■ Dataset:
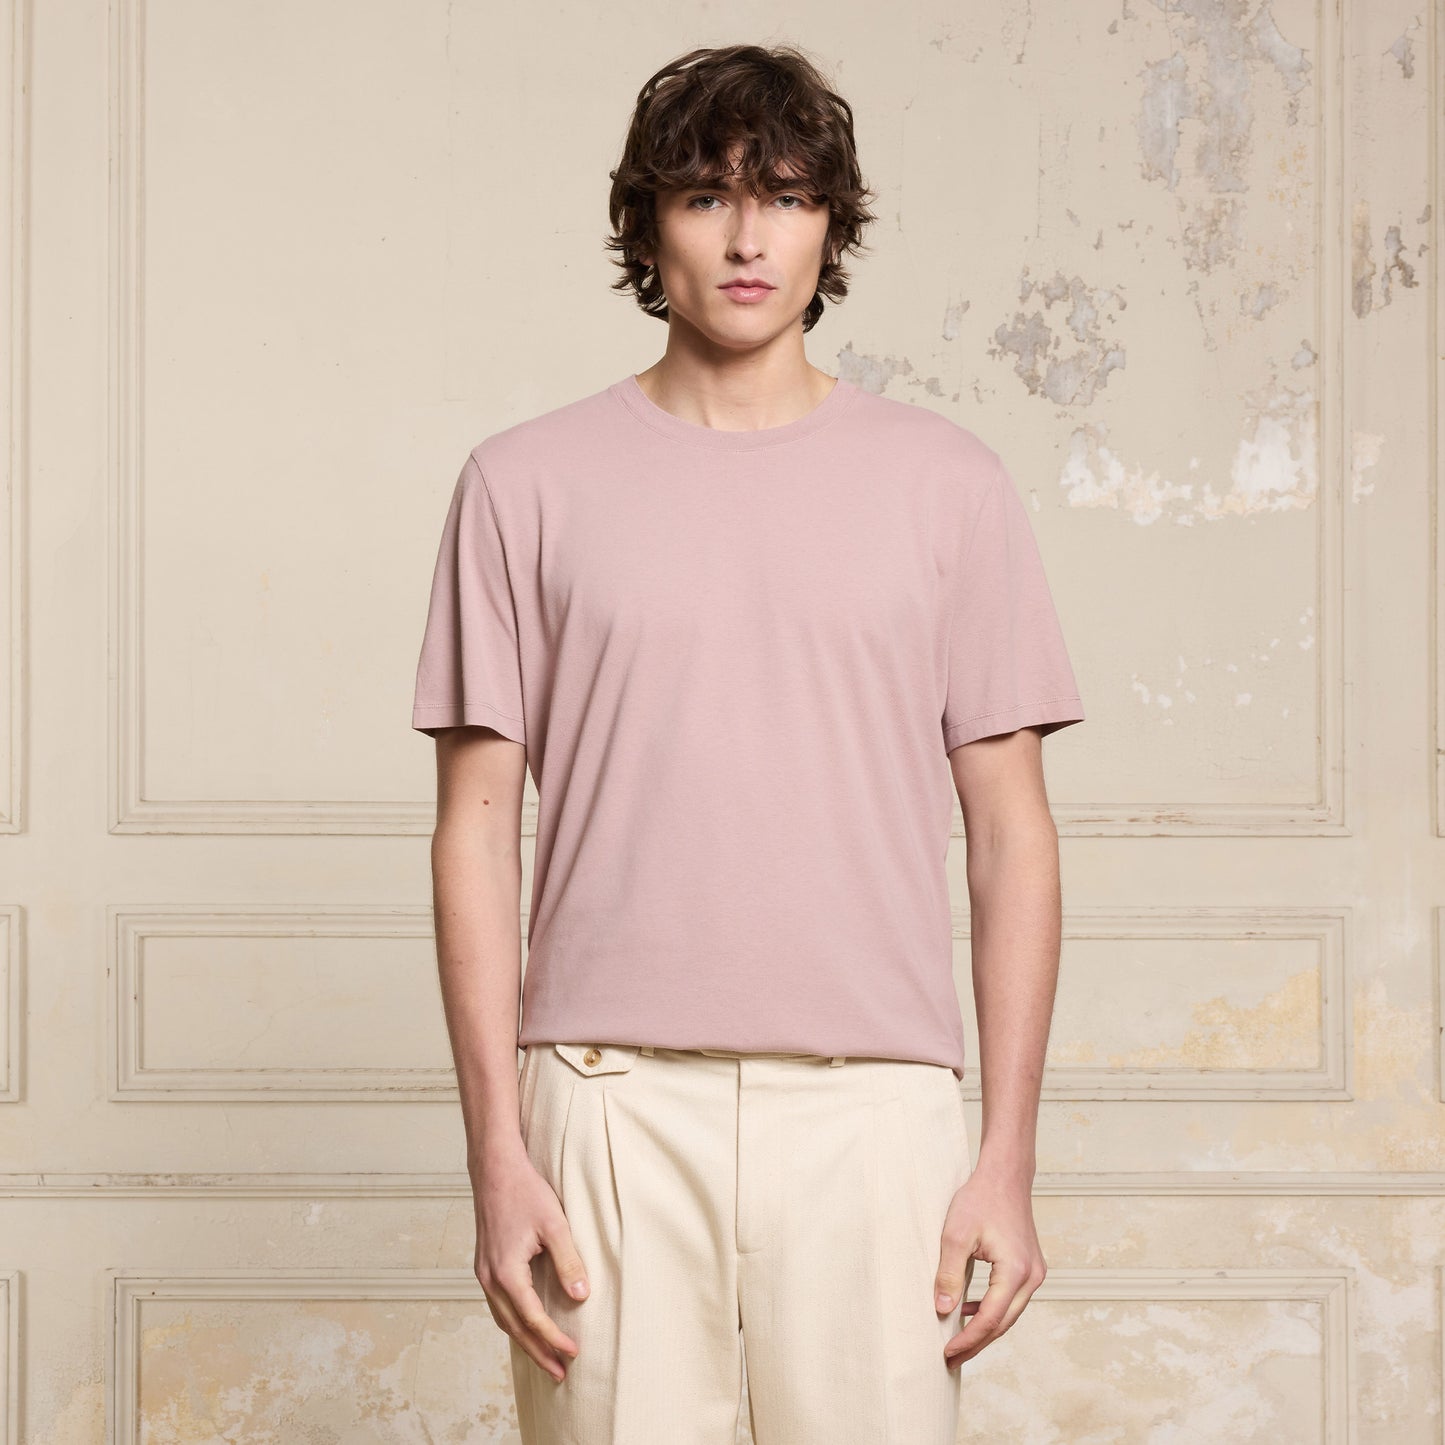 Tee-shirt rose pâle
==
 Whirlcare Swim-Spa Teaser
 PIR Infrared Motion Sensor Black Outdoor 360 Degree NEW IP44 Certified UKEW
...
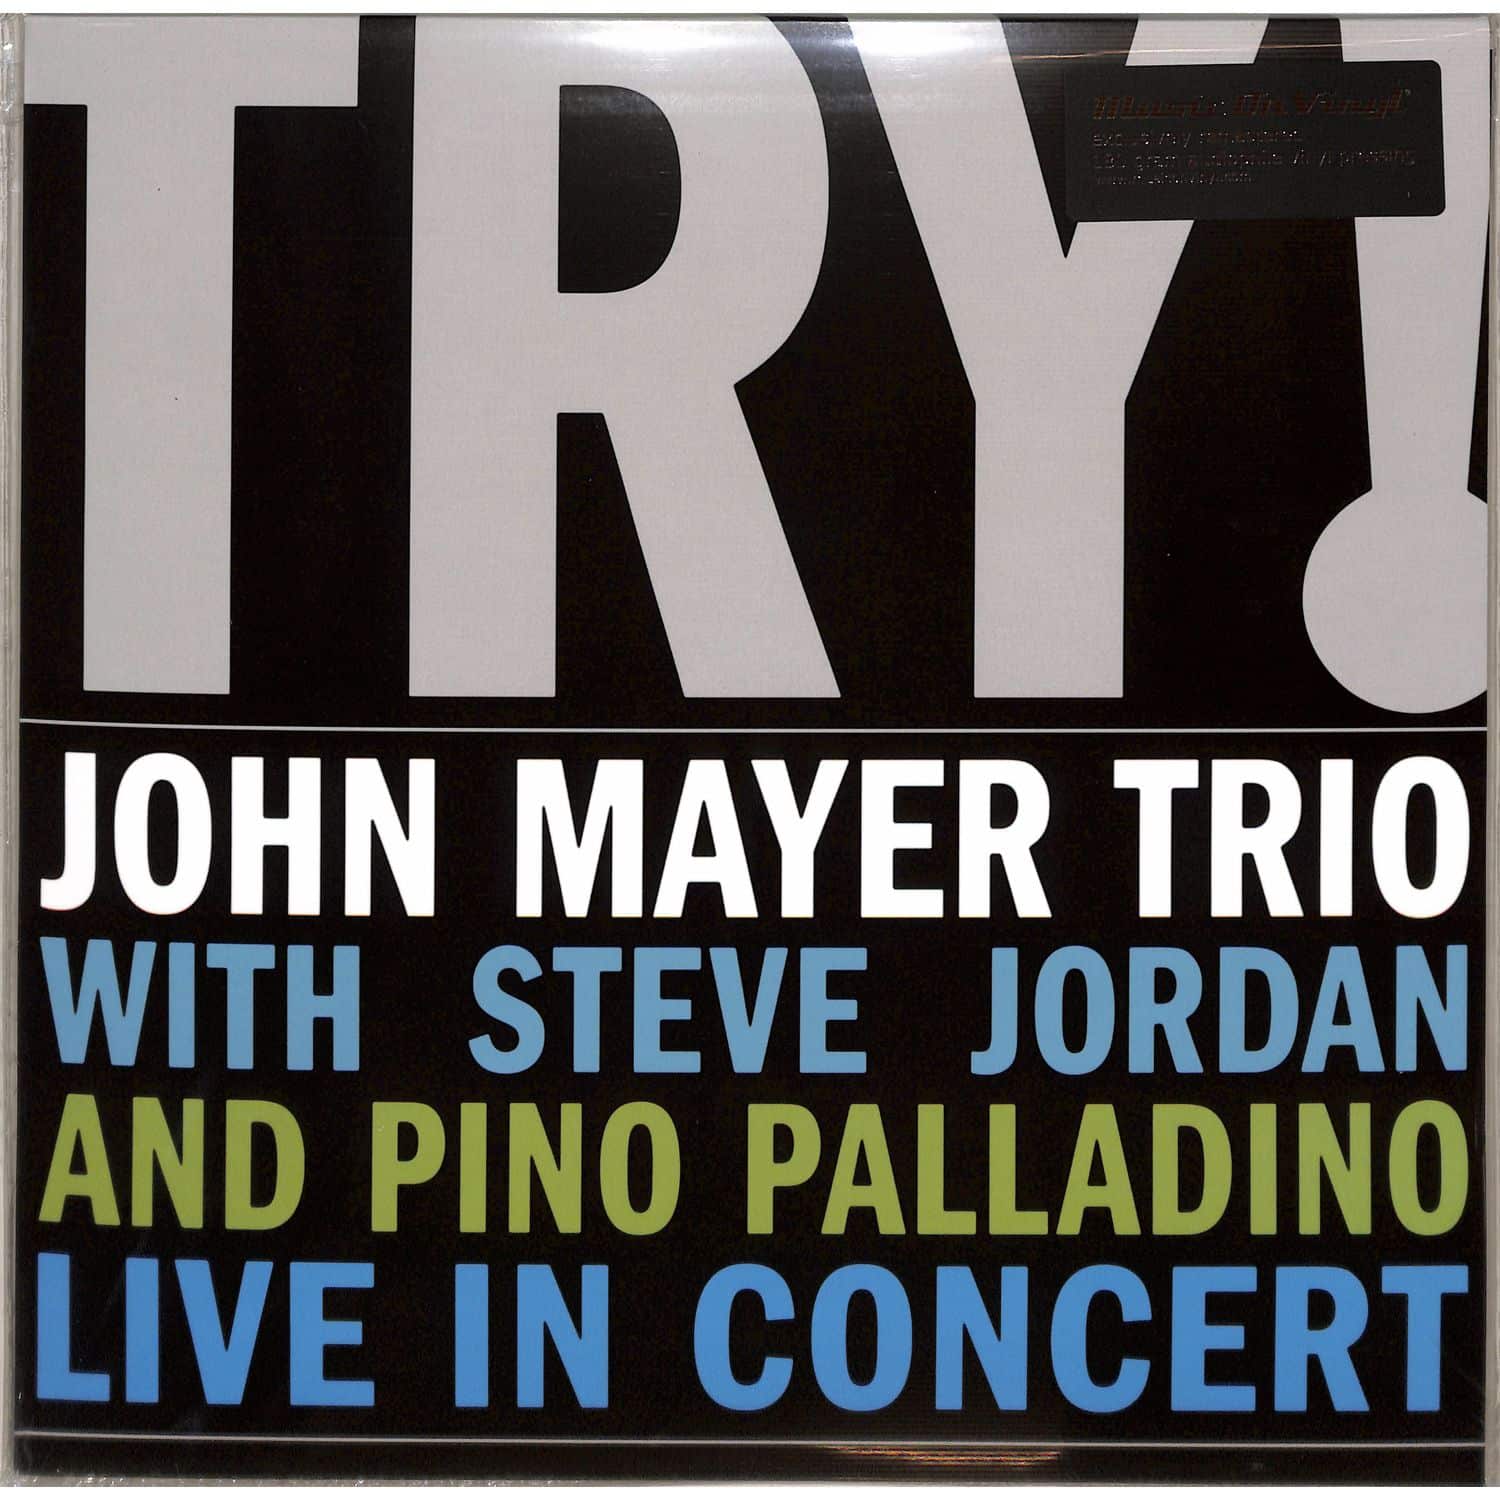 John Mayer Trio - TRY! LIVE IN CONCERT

■ What you are asked to do:
Return exactly, and only, the lines above starting at the line that contains "Whirlcare Swim-Spa Teaser" and ending at the line that contains "PIR Infrared Motion".

■ Response:
 Whirlcare Swim-Spa Teaser
 PIR Infrared Motion Sensor Black Outdoor 360 Degree NEW IP44 Certified UKEW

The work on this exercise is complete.